- Directed by: Jon Small
- Country of origin: United States
- Original language: English

Production
- Executive producer: Garth Brooks
- Producer: Jon Small
- Running time: 83 minutes
- Production company: Picture Vision Pictures

Original release
- Network: CBS
- Release: December 2, 2018

= Garth: Live at Notre Dame =

Garth: Live at Notre Dame was a 2018 American concert event and primetime television special starring country music artist Garth Brooks. Held on October 20, 2018, at Notre Dame Stadium in Notre Dame, Indiana, the performance marked the first live concert held at the historic venue in its history. The concert was filmed live in front of a sold-out audience of over 84,000 attendees amidst freezing rain and snow conditions.

Directed by Jon Small and executive produced by Brooks, the resulting two hour television special premiered on CBS on December 2, 2018, drawing nearly ten million viewers. The performance served as both a standalone television event and the creative testing ground for The Garth Brooks Stadium Tour, which Brooks announced during press events in the lead-up to the show.

== Background and development ==
In July 2018, the University of Notre Dame announced that Garth Brooks would perform the first-ever live musical concert at Notre Dame Stadium in its 88 year history. The venue, having opened in 1930, had previously been reserved exclusively for athletic contests, commencements, and religious ceremonies. When tickets went on sale on September 14, 2018, all 84,000 seats sold out in less than two hours, establishing a venue record for single day sales.

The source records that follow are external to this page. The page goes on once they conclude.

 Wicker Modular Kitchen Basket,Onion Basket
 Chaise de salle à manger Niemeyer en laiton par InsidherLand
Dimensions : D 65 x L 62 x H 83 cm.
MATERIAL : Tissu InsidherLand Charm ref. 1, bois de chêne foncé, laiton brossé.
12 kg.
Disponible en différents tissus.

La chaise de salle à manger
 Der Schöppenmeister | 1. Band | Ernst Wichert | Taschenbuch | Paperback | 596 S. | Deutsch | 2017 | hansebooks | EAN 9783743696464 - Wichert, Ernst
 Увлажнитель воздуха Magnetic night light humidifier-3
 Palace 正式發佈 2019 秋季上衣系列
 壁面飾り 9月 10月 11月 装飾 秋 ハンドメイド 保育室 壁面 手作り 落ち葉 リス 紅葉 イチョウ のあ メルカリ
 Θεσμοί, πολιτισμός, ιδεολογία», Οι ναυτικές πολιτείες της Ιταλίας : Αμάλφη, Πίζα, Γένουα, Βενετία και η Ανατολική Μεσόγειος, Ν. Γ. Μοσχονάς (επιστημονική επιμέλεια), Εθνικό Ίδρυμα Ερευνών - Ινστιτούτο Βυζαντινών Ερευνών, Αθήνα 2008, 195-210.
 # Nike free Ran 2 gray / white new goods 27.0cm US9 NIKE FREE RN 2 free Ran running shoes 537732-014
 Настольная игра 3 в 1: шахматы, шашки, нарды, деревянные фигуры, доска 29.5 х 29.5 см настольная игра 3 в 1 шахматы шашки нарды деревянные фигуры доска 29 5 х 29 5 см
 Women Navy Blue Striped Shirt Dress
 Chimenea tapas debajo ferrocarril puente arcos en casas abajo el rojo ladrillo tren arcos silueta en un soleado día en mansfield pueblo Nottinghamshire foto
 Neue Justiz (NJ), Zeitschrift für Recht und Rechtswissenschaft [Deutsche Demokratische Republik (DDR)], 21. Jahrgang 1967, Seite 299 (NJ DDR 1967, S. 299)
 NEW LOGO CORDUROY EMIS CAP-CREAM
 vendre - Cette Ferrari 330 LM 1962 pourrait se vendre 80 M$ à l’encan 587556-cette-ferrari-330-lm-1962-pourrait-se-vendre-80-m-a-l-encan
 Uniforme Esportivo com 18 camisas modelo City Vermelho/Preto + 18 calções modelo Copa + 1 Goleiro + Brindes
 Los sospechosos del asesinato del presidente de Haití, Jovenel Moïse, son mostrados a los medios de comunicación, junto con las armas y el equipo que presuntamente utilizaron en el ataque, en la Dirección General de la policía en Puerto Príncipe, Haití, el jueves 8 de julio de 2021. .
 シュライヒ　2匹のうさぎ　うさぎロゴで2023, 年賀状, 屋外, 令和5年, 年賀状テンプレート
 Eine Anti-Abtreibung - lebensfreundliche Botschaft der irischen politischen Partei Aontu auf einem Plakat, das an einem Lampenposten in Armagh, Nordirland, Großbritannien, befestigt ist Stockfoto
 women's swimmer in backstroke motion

Following the ticket sellout, network executives at CBS partnered with Brooks to film the concert for a primetime television broadcast, marking his first network special since 2013. Staged in-the-round on an open air central field setup, the performance took place on October 20, 2018, under severe weather conditions involving freezing rain, wind gusts, and snow, which delayed production setup by over an hour. The event served as the functional precursor and creative testing ground for The Stadium Tour, which Brooks officially announced during a press conference held at the venue during show week.

== Critical reception ==
The live performance was generally positive regarding Brooks's high energy catalog delivery, though reviewers noted that production filming requirements compromised the natural flow of the show. Local media commended the audience's resilience through freezing rain and weather delays, praising the high energy communal singalongs on signature tracks. However, The Irish Rovers Steve Larkin criticized the frequent operational pauses, directing audience reactions, and repeating song segments for television coverage, noting that the filming instructions occasionally disrupted the performance's momentum.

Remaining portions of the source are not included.